Мне стало интересно, как получилось, что этот музыкант что-то обо мне знает.
– Ну, по правде говоря, мы знаем о твоем происхождении, а больше ничего. Например, мы не знаем, что ты любишь больше – кефаль или мясо ягненка. Или умеешь ли ты плавать.
– Мне больше нравится кефаль, – уверенно заявил я.
Но про плавание не ответил… Меня даже передернуло, когда он об этом упомянул.
Юноша, взмахнув правой рукой, извлек из кифары еще один божественный звук, и мелодия умолкла. Я ждал, но он так и не продолжил.
– Спасибо тебе, – сказал я. – Возможно, когда я подрасту, ты дашь мне уроки игры на этой кифаре.

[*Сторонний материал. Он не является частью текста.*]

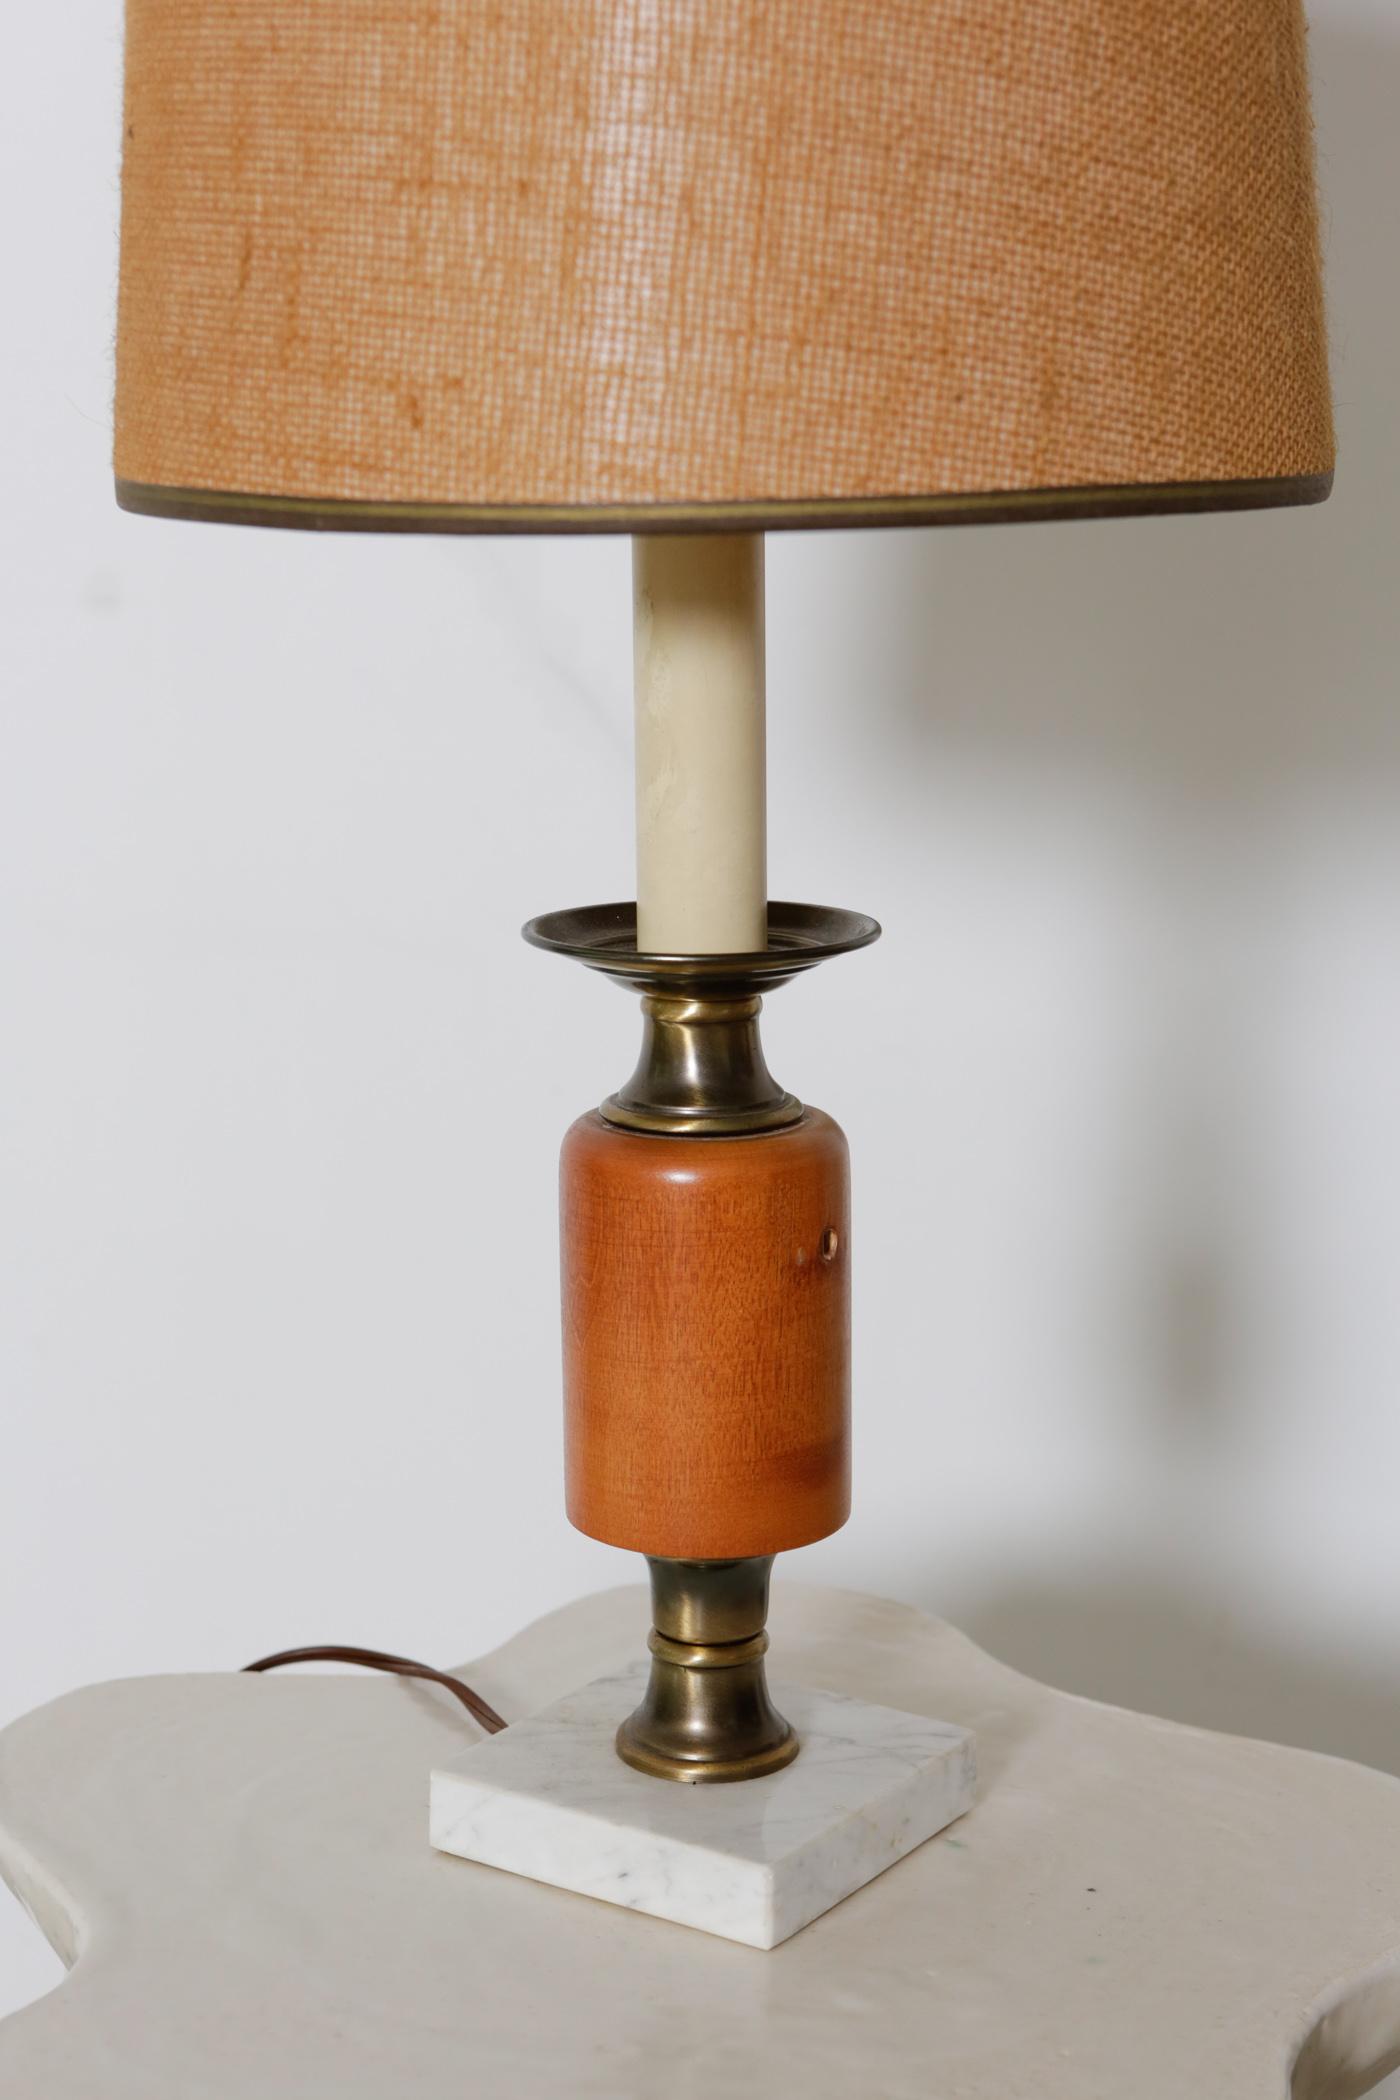 1920s Marble, Wood, and Brass Table Table Lamp In Good Condition For Sale In Armonk, NY

– Если ты об этом вспомнишь, – улыбнулся юноша. – И если я все еще буду здесь.
Я медленно вернулся в отведенную мне комнату, и день снова стал обычным.
VI
Лето в том году выдалось жарким. В моей комнате на вилле тети было очень душно, и я сказал ей, что, когда ложусь спать, чувствую себя тестом, из которого вот-вот испекут лепешку.
– Что ж, полагаю, тебе нужен раб, который будет стоять над тобой с опахалом, – ответила тетя. – Только лишних рабов у нас нет.
На полях чахли бобы, раскрывающаяся с утра ипомея к полудню сморщивалась; пруды с рыбой пересыхали; из фонтанов перестала бить вода, и они стояли, словно разинув рот. Это было время Сириуса, когда безумная звезда восходит и насылает среди лета палящий зной. Римляне покидали город: кто-то уезжал к морю, кто-то – в горы, если у них там были дома. А мы сидели под шпалерами с увядающей зеленью, но там было не намного прохладнее, чем в доме.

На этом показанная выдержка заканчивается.